● **Available data**:
^^^^^^^^^^^^^^^^
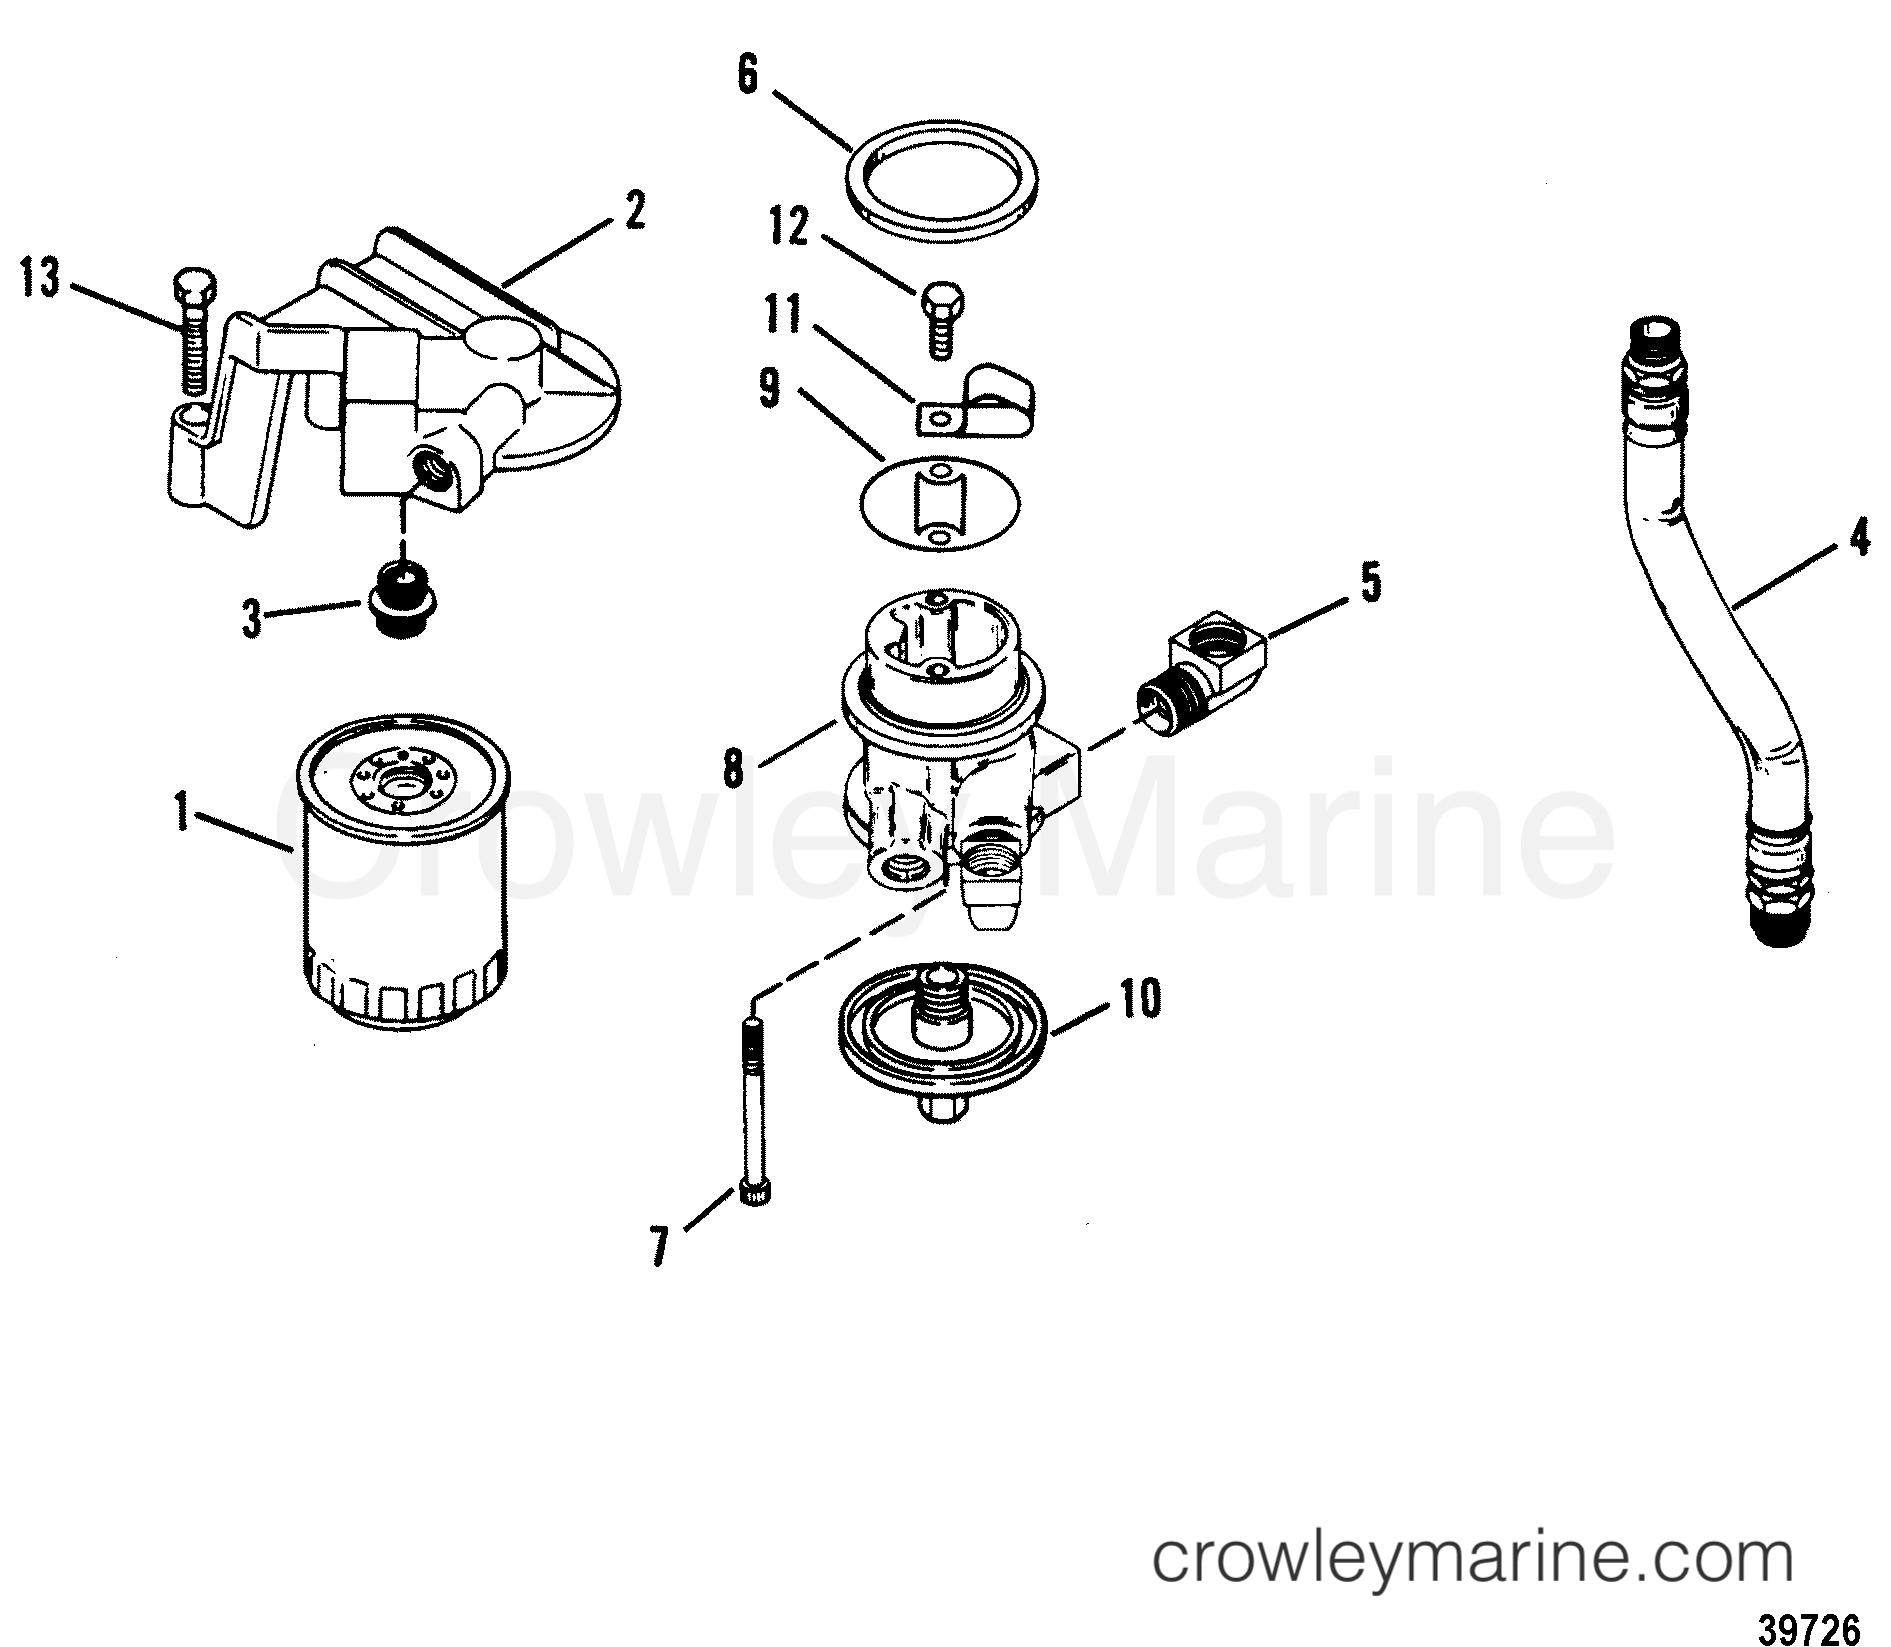 Mercruiser 4 3lx Wiring Diagram : Remote oil filter mercruiser lx alpha
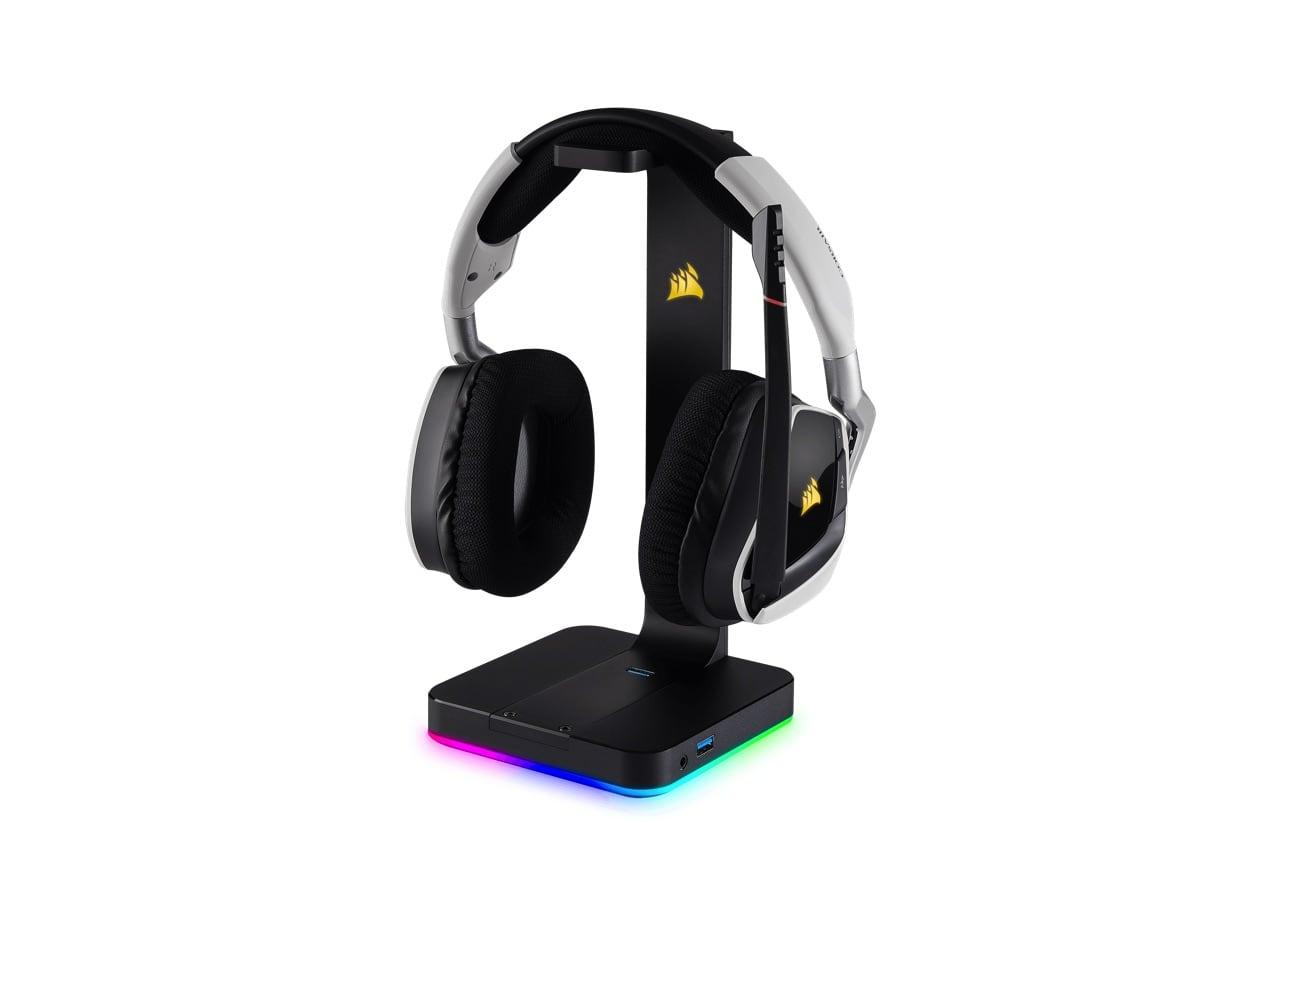 CORSAIR ST100 RGB Premium Gaming Headset Stand
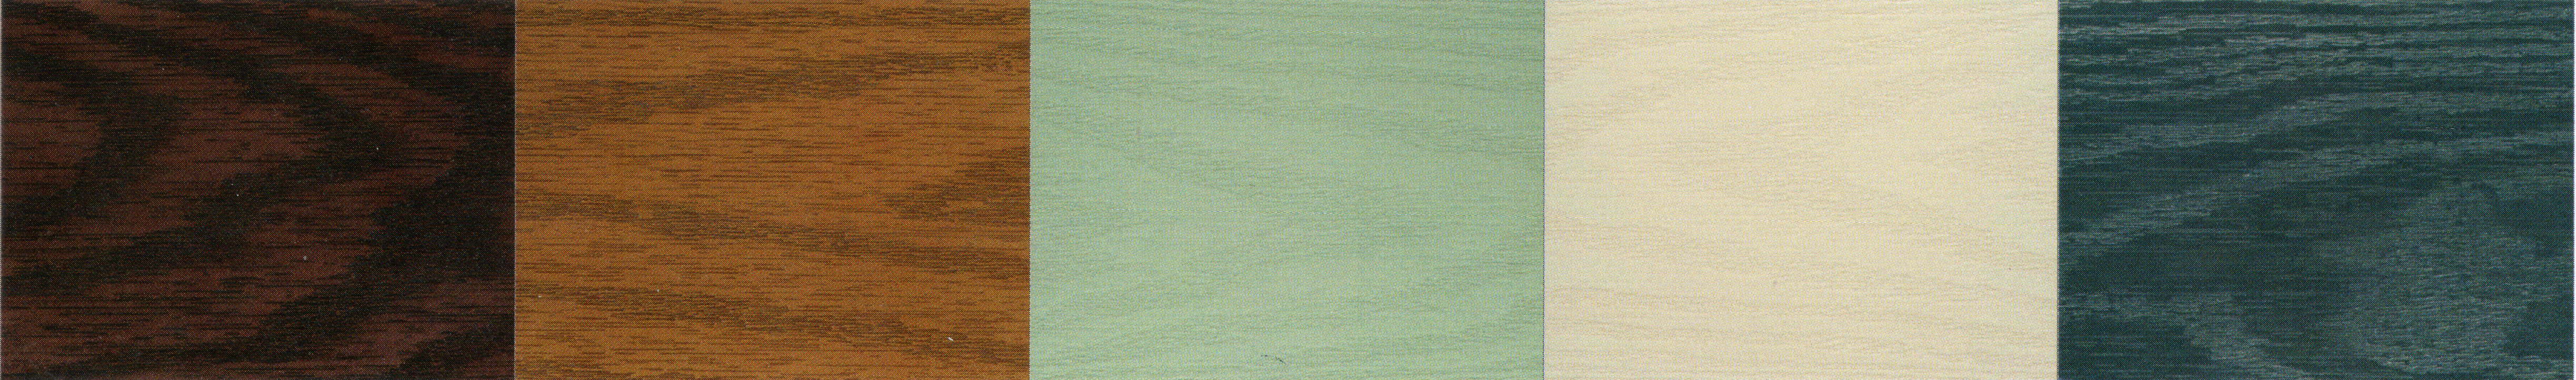 composite door colours chestnut, oak, green, cream and blue
^^^^^^^^^^^^^^^^
● **Aim of the task**: Beginning with the line that contains "CORSAIR ST100 RGB" and ending with the last line of the data above, output those lines exactly and nothing more, without any pictures.

● **Output of the task**:
 CORSAIR ST100 RGB Premium Gaming Headset Stand
 composite door colours chestnut, oak, green, cream and blue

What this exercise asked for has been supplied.